5/8/2023: Le Bonheur (1965): ****1/2
Scintillatingly savage. There are Varda movies where she’s open and thoughtful and takes you along with her down the dizzyingly complex roads of her artistic vision, and there are Varda movies where she maintains this perfect deadpan all the way through. “Oh, you want to know what I was thinking? I put in several picnics because I like picnics and my husband Jacques did not, that’s what I was thinking.”
Thanks, Agnes.
It’s a movie about stories. There are movie references throughout, from pinup posters to discussions about film. At the end, in one montage, there are long loving shots of books. (One of them written by Jacques Prévert, the poet and screenwriter.) François, our protagonist, is telling himself a pretty story about the consequences of his actions, and even when it turns out that he’s wrong, the overarching direction of the story stays the same.

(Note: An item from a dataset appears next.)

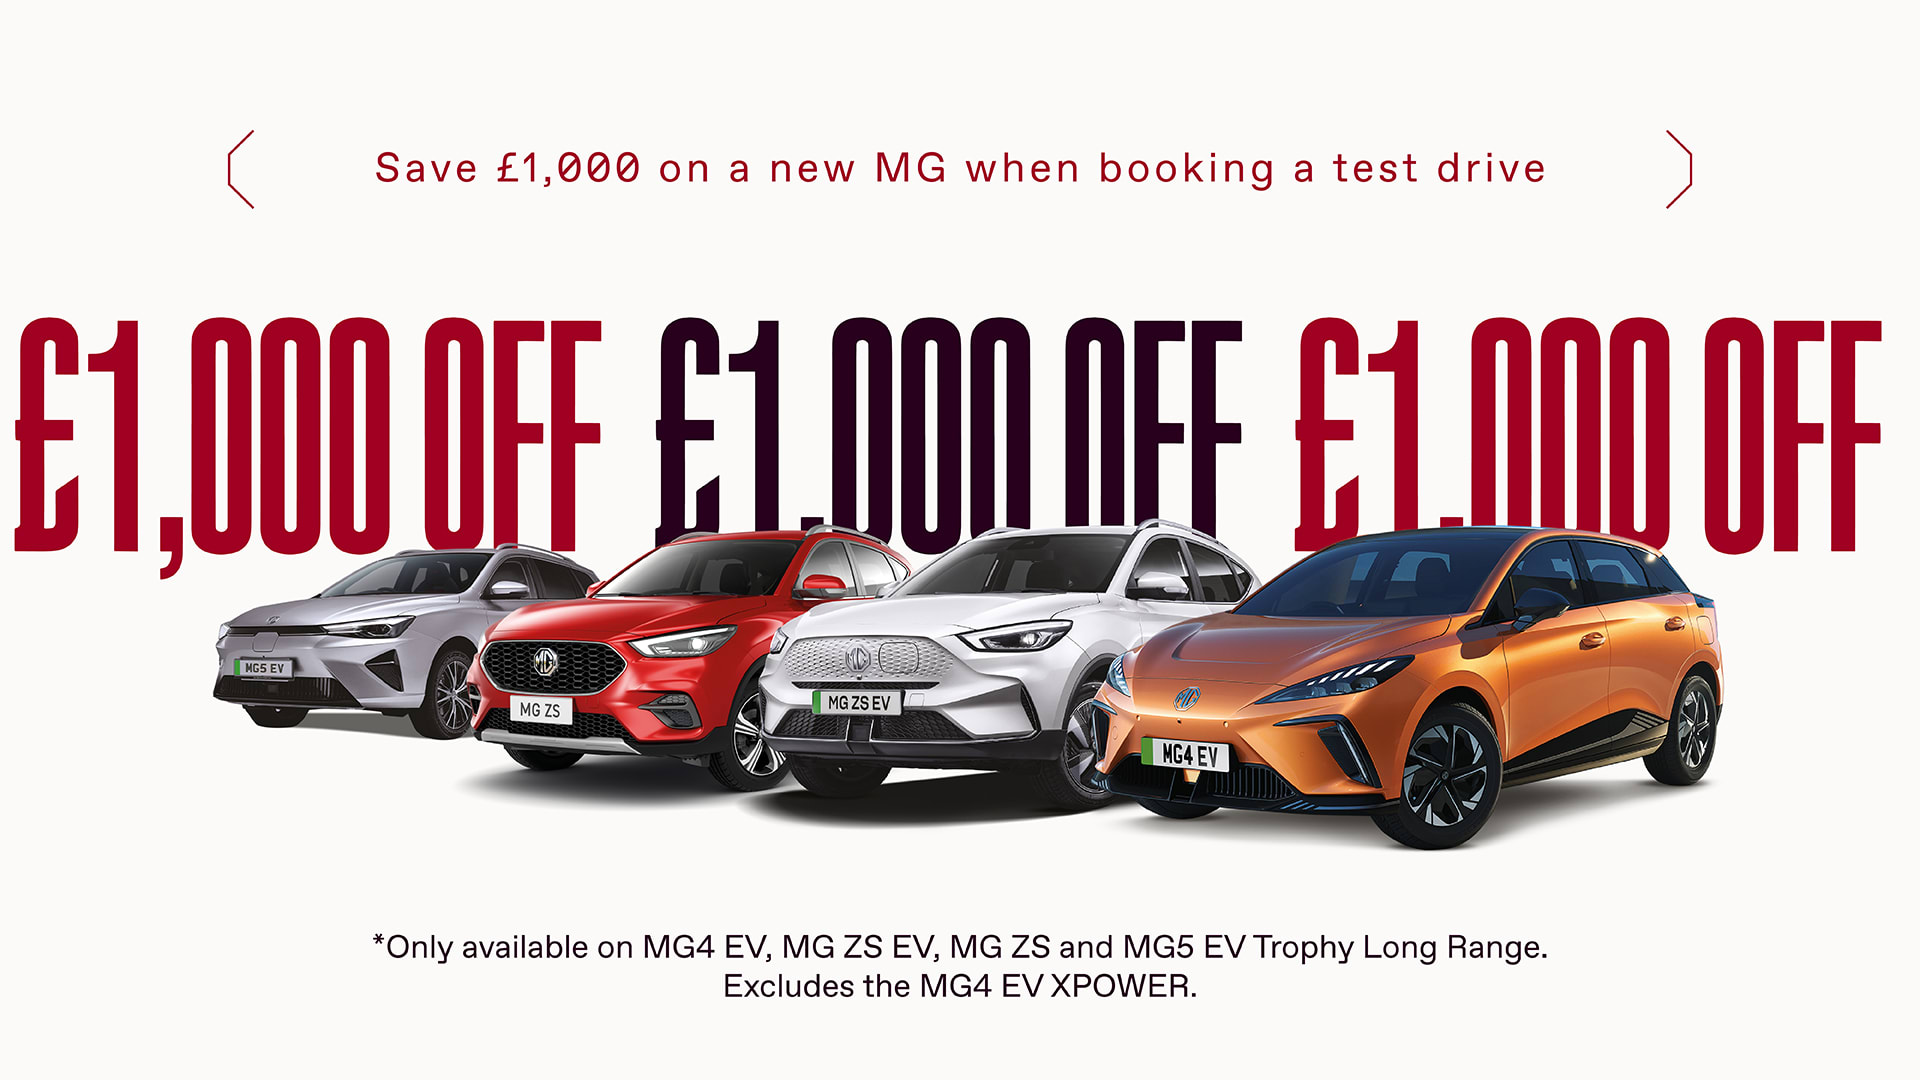 MG £1,000 Test Drive Offer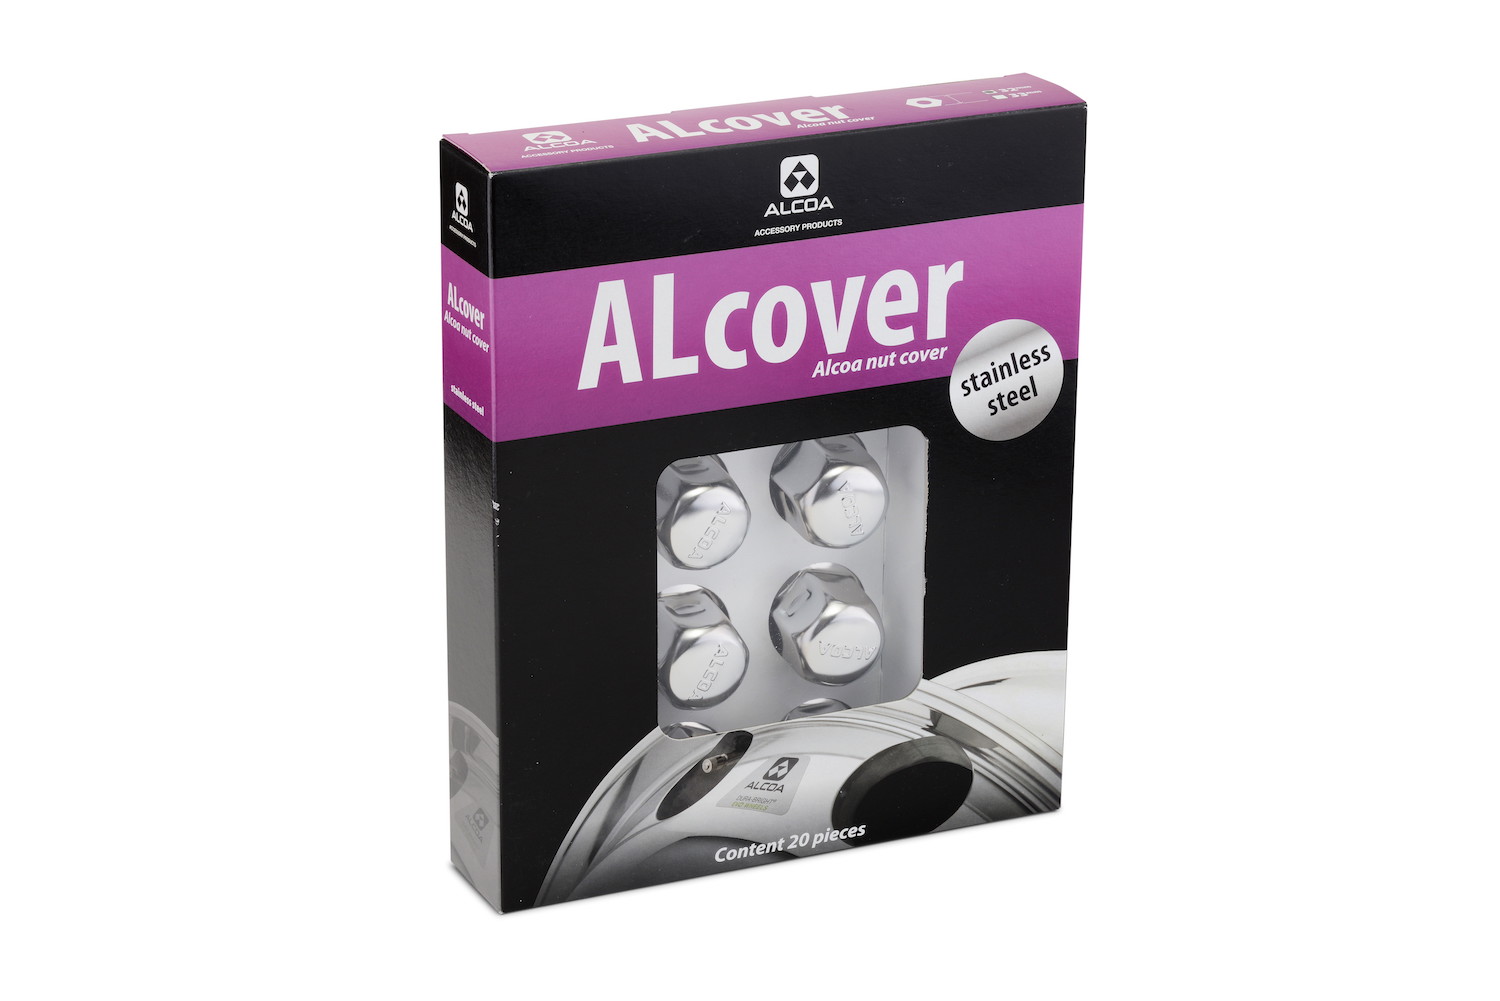 stainless-steel-alcover-1

Roles matter here as well. Again, in that ending montage, most of what we see of the wife is just her hands. These hands — always doing the work traditionally assigned to women — could be anyone. The important thing here is that there’s a woman doing the cooking and cleaning, rather than the specifics of who it is. François’ story is about tropes, not people.
And man, that makes the casting of Jean-Claude Drouot’s real wife and family as François’ wife and children rather daring. Claire Drouot was not otherwise an actress. There’s a great interview with her on the Criterion disc, and it sounds like the Drouots still laugh about the movie, but there’s also a bit where they all acknowledge it was an emotionally risky move.
It’s also worth noting that it’s a stunningly skilled movie. The way Varda uses fast edits and montage is every bit as good as any Godard, if not better — there’s more purpose to it with her. More control. Her use of color is likewise perfect, as yet another indication that we’re watching a fantasy version of François’s life.
5/11/2023: Vision Quest (1985): **1/2
Other than some flashes of existential awareness from Matthew Modine, this wound up being a generic high school sports movie from the 80s with a killer soundtrack. Hi, Madonna. If the writer or director had taken the time to develop Modine’s opponent a bit, they might have had an interesting movie about why kids compete on their hands, but that wasn’t the assignment.
Boofest 2023: connected to The Foul King by wrestling.
5/12/2023: The Night of the 12th (2022): ***1/2
Little bit of Memories of Murder, whole lot of David Fincher, just enough originality to make it worthwhile. I wouldn’t call the reflections on gender subtle but that’s okay.
5/12/2023: Opponent (2023): ***
The physicality of the film was so good for the first two acts. Payman Maadi uses his body to convey anguish, fear, yearning: it’s a superb performance. That’s necessary, because one level of the story is about Western countries using refugees for their bodies, one way or another. Midway through, Marall Nasiri sits down at a piano and it becomes clear that if Maadi is a good wrestler, she’s an equally good pianist. But that’s not what Sweden wants from them, so it doesn’t matter.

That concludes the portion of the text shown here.